Iron-sulphur proteins in the succinate oxidase system

Abstract

1. Succinate reduces at least three different species of iron-sulphur protein, detectable by EPR spectroscopy at 82° K, in sub-mitochondrial particles or preparations of Complex I + II + III. Two of these species (symbolized as Fe-S S and Fe-S P 1 ) are rapidly reduced by succinate in non-phosphorylating particles, the third (Fe-S P 2 ) is slowly reduced. 2. The reduction of Fe-S S is unaffected by addition of 2-thenoyltrifluoroacetone (TTFA), or by extraction of the dried particles with pentane. This species probably belongs to succinate dehydrogenase. 3. Reduction of the other rapidly reduced species (Fe-S P 1 ) is inhibited by addition of TTFA or by pentane extraction.
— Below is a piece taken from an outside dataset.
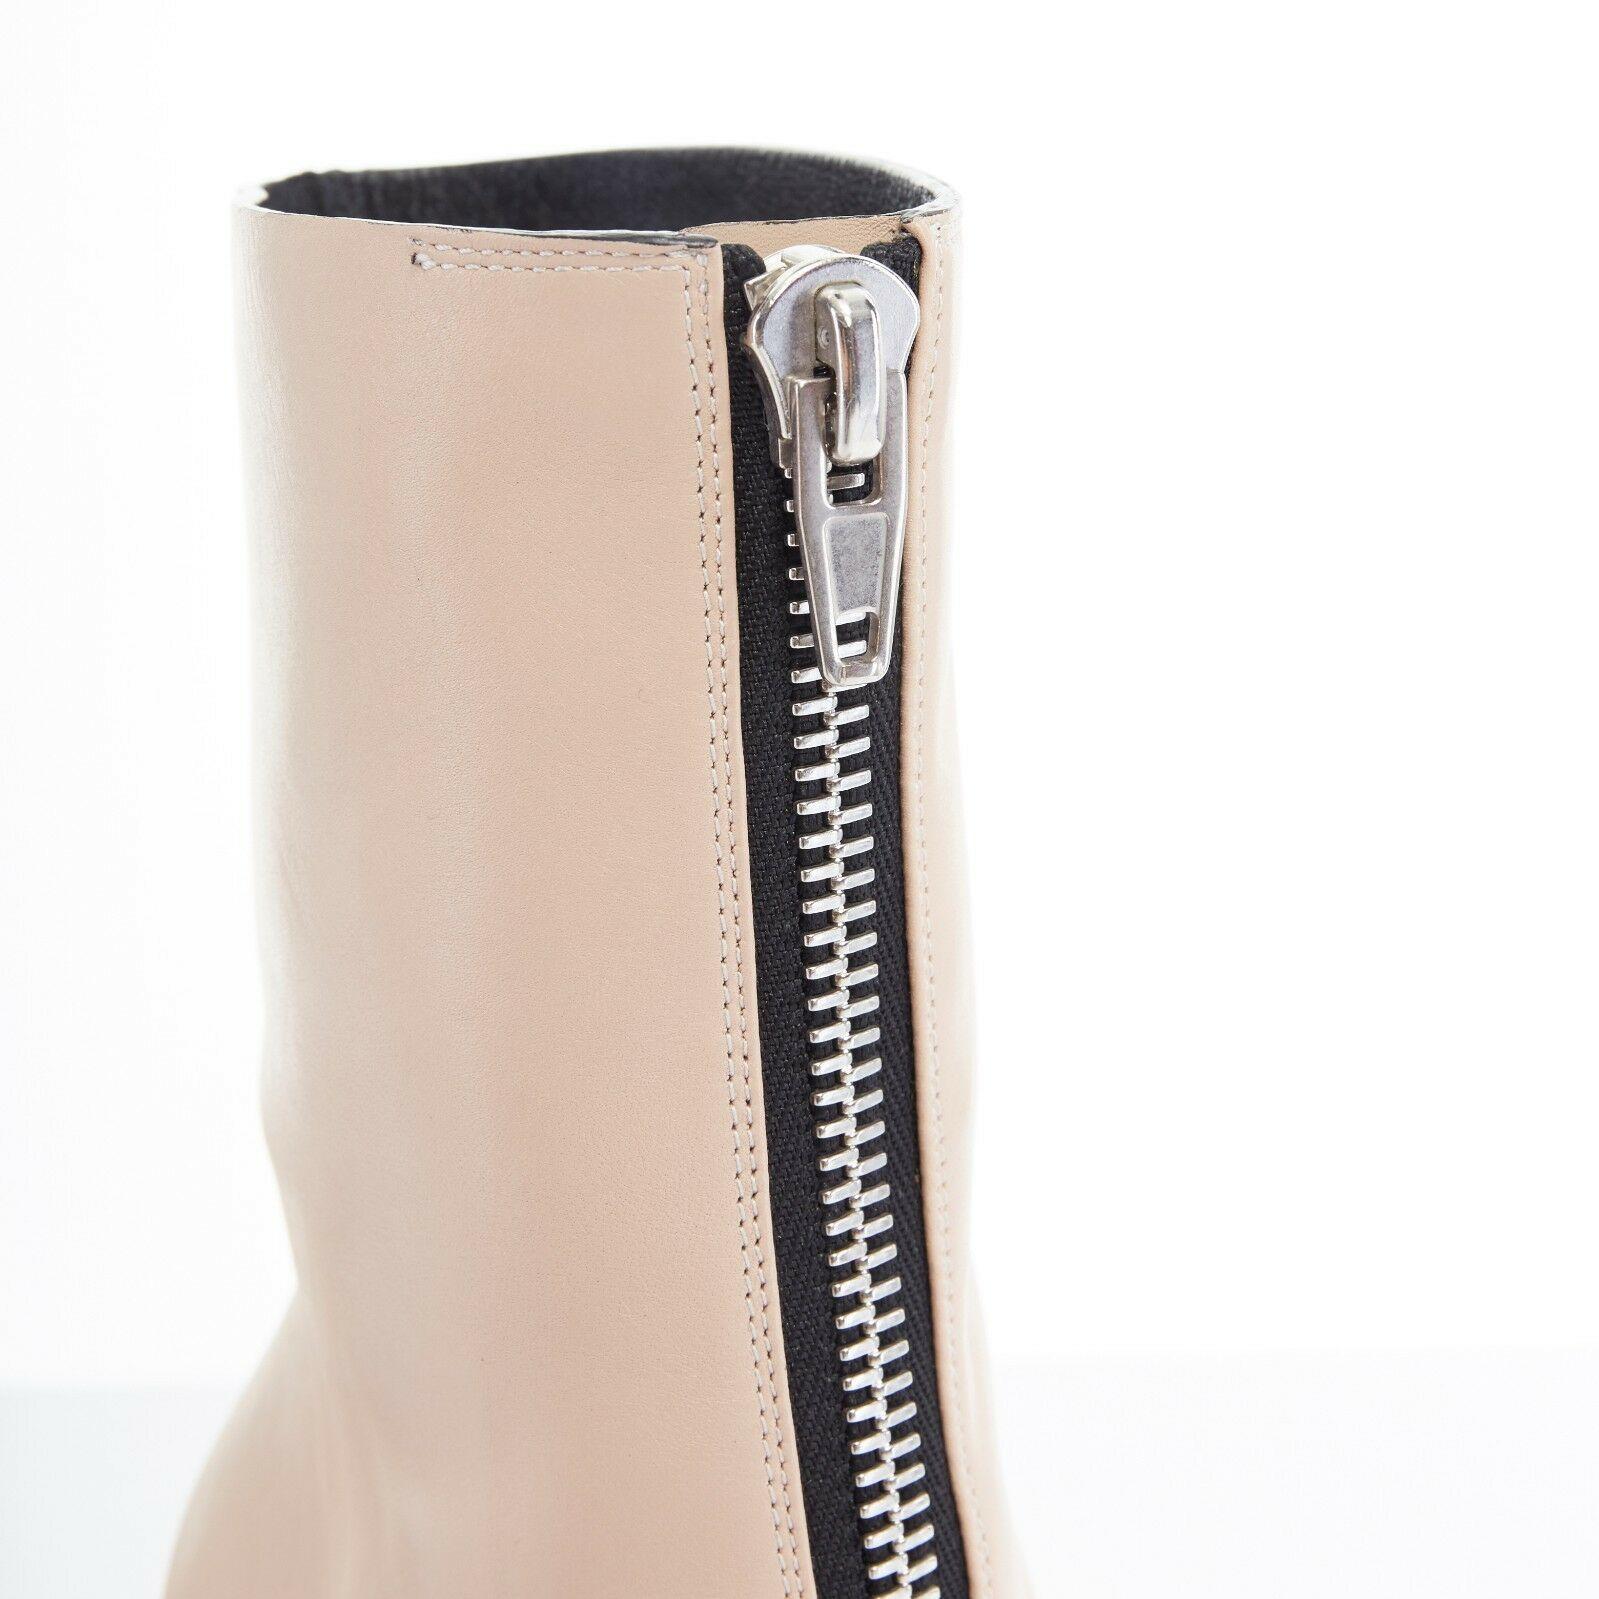 Women's CELINE PHOEBE PHILO nude beige leather zip front square toe wedge boot shoe EU36

Re-incorporation of Q-10 or ‘P’ ( Albracht, Van Heerikhuizen and Slater, FEBS Lett., 13 (1971) 265) restores the rate of reduction. 4. Antimycin blocks about one-half of the EPR signal of the slowly reduced species (Fe-S P 2 ). 5. All three iron-sulphur species reducible by succinate have similar EPR spectra with g z = 2.02, g y = 1.94 and g x = 1.92. 6. NADH also reduces these iron-sulphur species as well as those associated specifically with NADH dehydrogenase. 7. The bleaching of a pigment absorbing at 460 nm brought about by addition of succinate to pentane-extracted particles is largely (62 %) due to reduction of succinate dehydrogenase (flavin and Fe-S S). Fe-S P 1 , Fe-S P 2 and cytochrome b contribute to the extent of 15 %. The component responsible for the remainder (23 %) has not been identified. Its reduction is inhibited by TTFA. 8. A model of the respiratory chain is proposed that takes account of the recently discovered electron carriers.